Once I finished the first song, I started flipping through the pages and came to another song that I've been working on since before Justin and I went to Chicago. For the longest time, I was stuck and I'd contemplated ripping the page out, and completely discarding it. For some reason, I couldn't ever do that.    

Now, I'm so, so, so glad I kept it.    

After seeing the way Justin handled the whole Beth thing and the way he tried so hard to take care of me, the words just seemed to flow and before I knew it, I'd finished another song.    

Yes...I wrote a song about him. I know, I'm hopelessly lovesick and it's disgusting.     

However, I seriously doubt that this song will ever see the light of day. It's more for me than anyone else anyway. I guess it was the only way I could get my thoughts and feelings out. So, folded in my notebook it shall stay.    

I mean, how the hell could I possibly record it when Justin's going to be producing my album? That would bring a whole new meaning to the word awkward.    

"Madison." He whines pitifully and I can't help but roll my eyes.    

I've seen Justin drunk on several occasions, but I've never seen him act like this.
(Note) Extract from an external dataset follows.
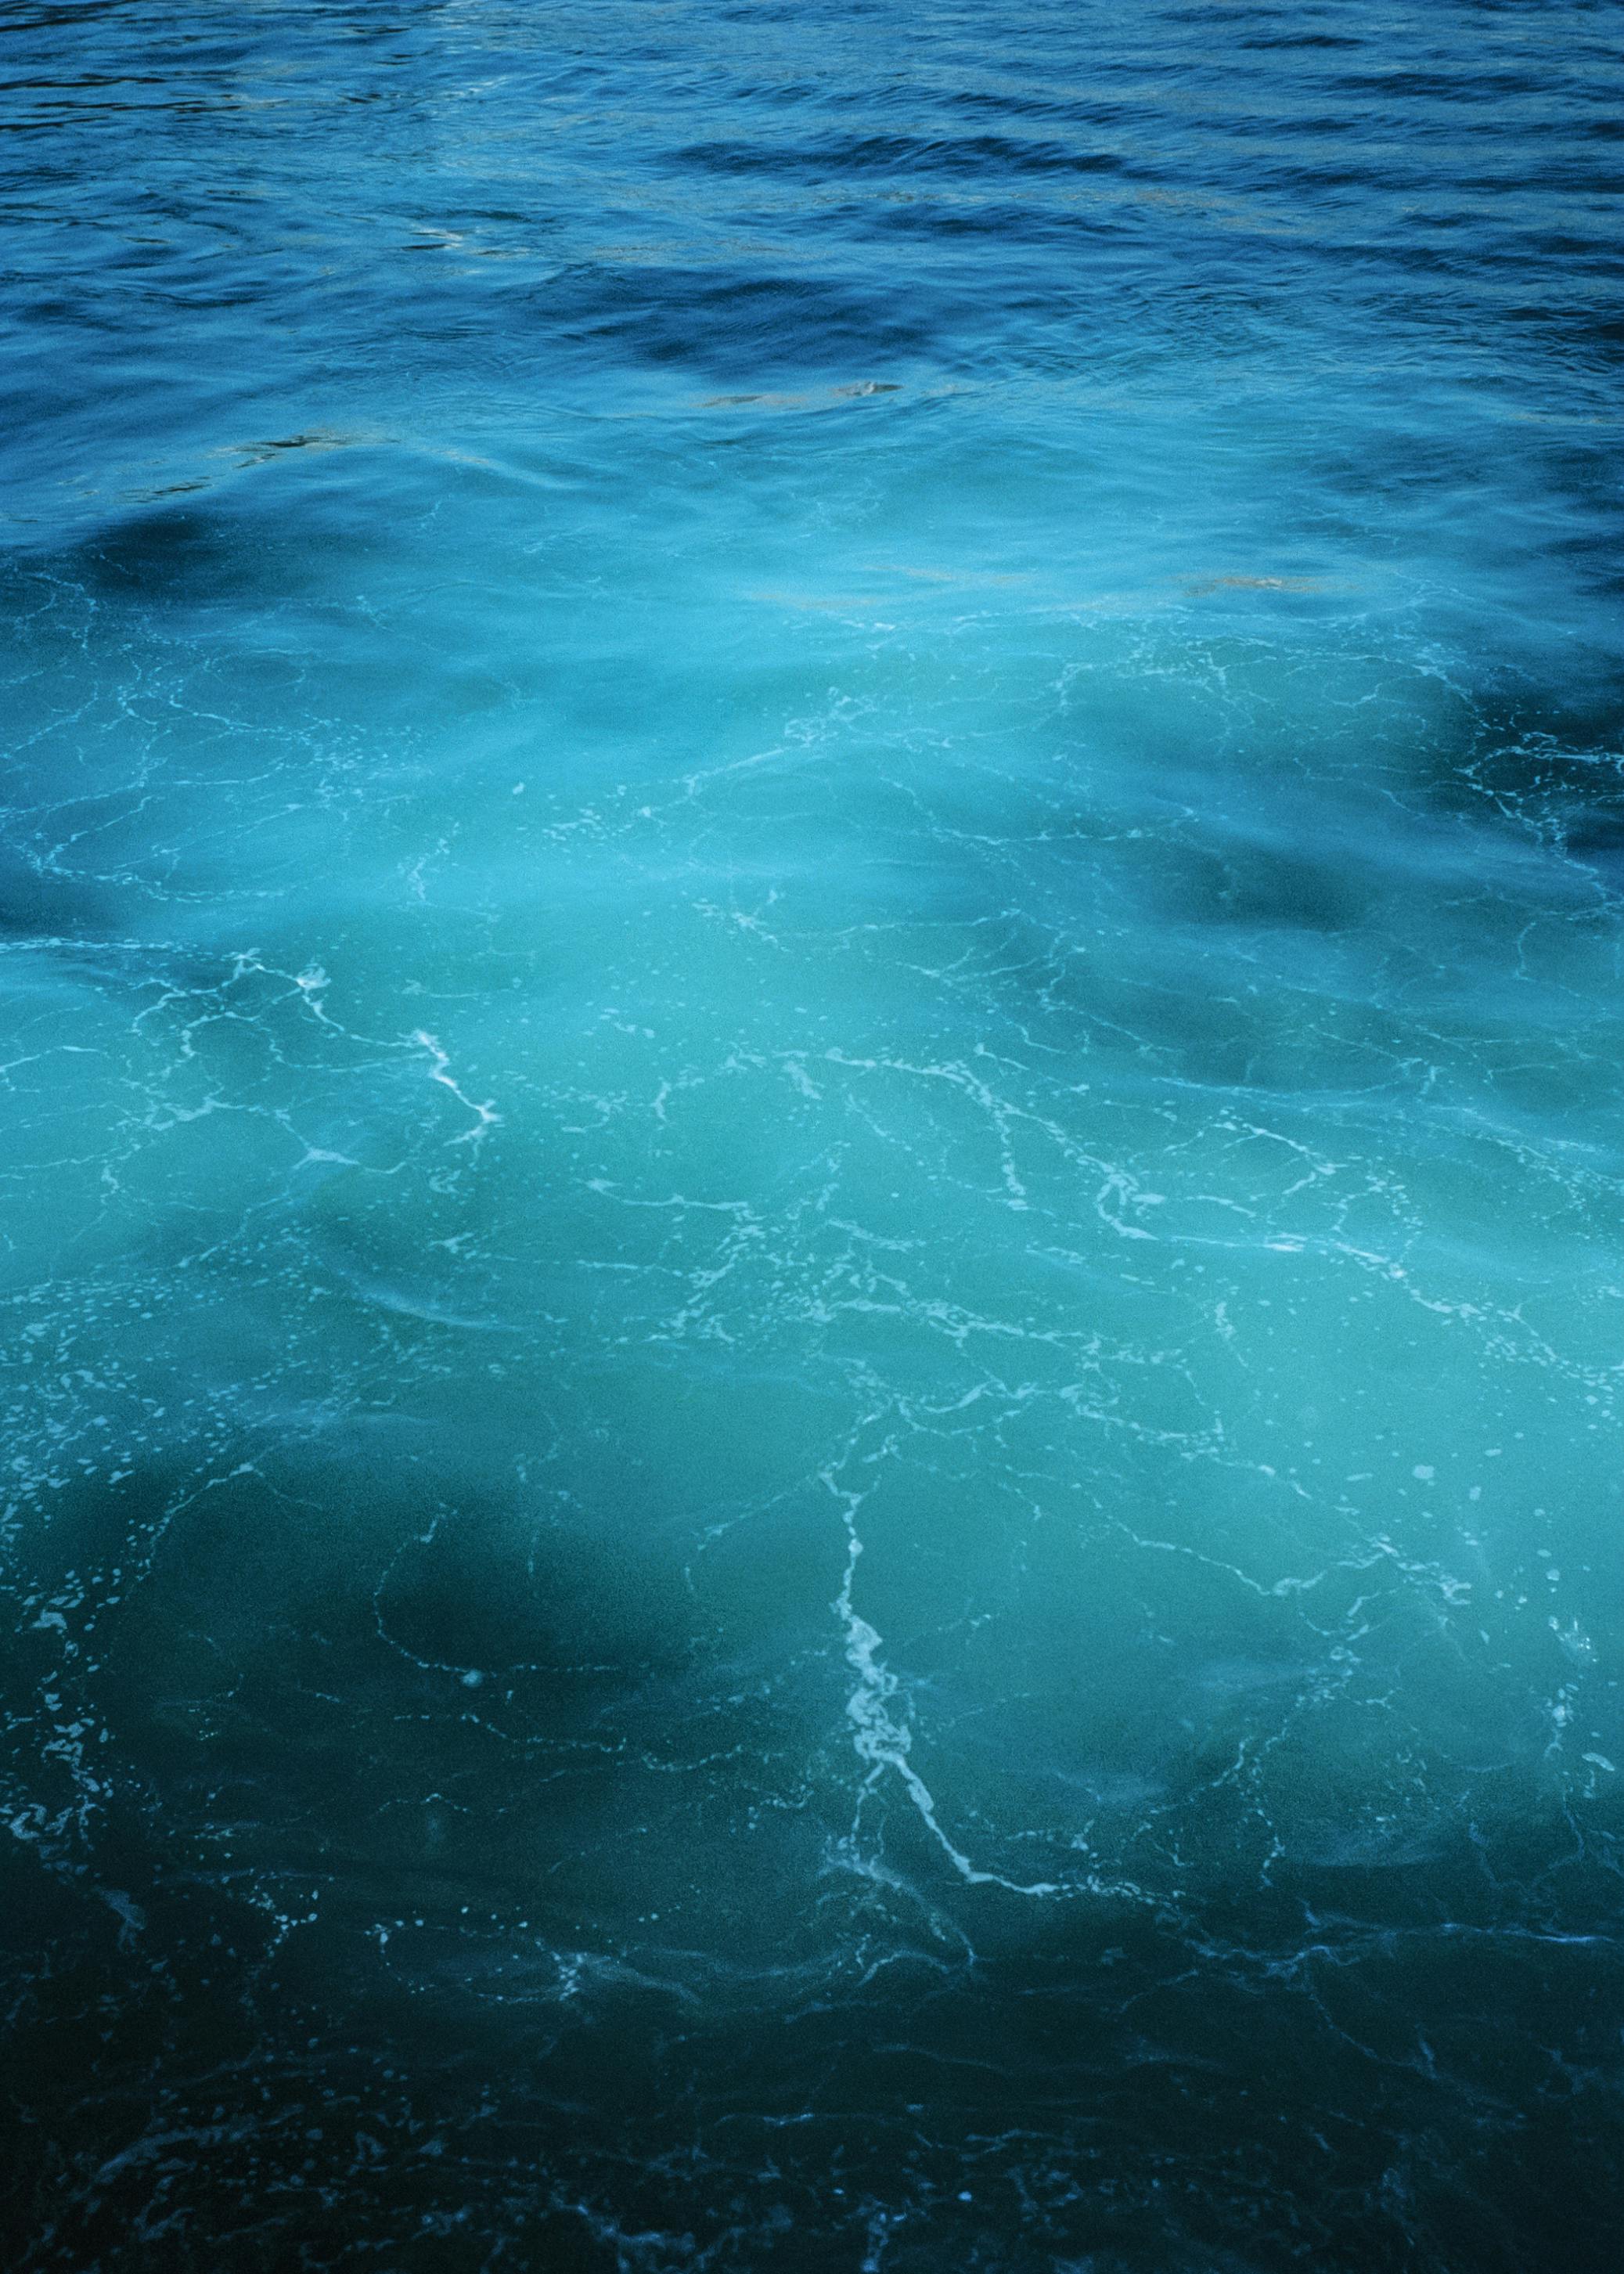 Cùng khám phá vẻ đẹp của đại dương xanh thủy triều trong hình nền này. Khi chiêm ngưỡng, bạn sẽ cảm thấy mình như được chìm vào dòng nước trong suốt và cảm nhận được sự mê hoặc của những làn sóng đàn hồi.

Normally, he's more cocky than usual and he can be silly, but kind of sexy at the same time. Now however, he's whining and carrying on like a two year old. It's pretty unattractive.     

I have to admit, my feelings for him confuse the hell out of me. One minute, I'm ready to jump him if he looks at me a certain way and the next, he aggravates me to the point of wanting to rip his damn head off. It's just so...so...so frustrating.    

Out of nowhere, his mouth is on my neck and his hand is slowly inching its way up my thigh.     

Oh this is bad. Really, really bad.    

I know he's drunk and probably hasn't got a clue what he's doing, but I'm not sure I have the strength to fight him off.    

Shit. This day just keeps getting better and better. Not.    

"Justin..st..stop." I stutter, removing his hand from my leg and pushing him away. He frowns and shakes his head before leaning into me again.    

"You don't want me to stop...and we both know it." He smirks seductively.     

He definitely should not look at me like that. I swear...if he doesn't stop, I will not be responsible for my actions, which could very well include ripping his damn clothes off right here and now.    

Honestly, he's right. I don't want him to stop, but I need him to stop. I can't let this go any farther. If I do, there won't be any turning back and that can't happen. We can not get involved.     

He quickly grabs me by the hips and positions me in his lap so that I'm straddling him.    

Shit. This is so not good.    

I can feel him pressing into me and I bite my lip. Where the fuck is Trace when you need him? I swear, he was just here...    

"C'mon Maddie..nobody has to know." He smirks again as he grinds his hips into mine and I have to bite back the moan threatening to escape my lips.    

Oh Jesus Christ...this has to stop, right now.    

It feels so damn good, but it's got to stop.    

"Justin, you're drunk. We can't do this." I shake my head and try to move but he holds me in place.     

Suddenly, his lips crash against mine and I can't even breathe. I want him, oh God, do I want him, but I've got to be the smart one here. If we get involved, there's no telling what could happen. I mean, if things went south before our two years are up, it could completely blow our cover. Johnny would kill us.   

"No." I pull away from him quickly and shake my head. I wiggle out of his grasp and practically run up to my bedroom, locking the door behind me.    

If he keeps this up, I'm going to reach my breaking point and I can't allow that to happen. My feelings for him are getting stronger everyday and I don't know how much longer I can keep up the act.     

Deep down, I know he doesn't want me. He's a sex-starved 20-something male and I'm convenient. That's all it is to him. He doesn't even realize what he's doing to me.    

And, I think that's what hurts the most.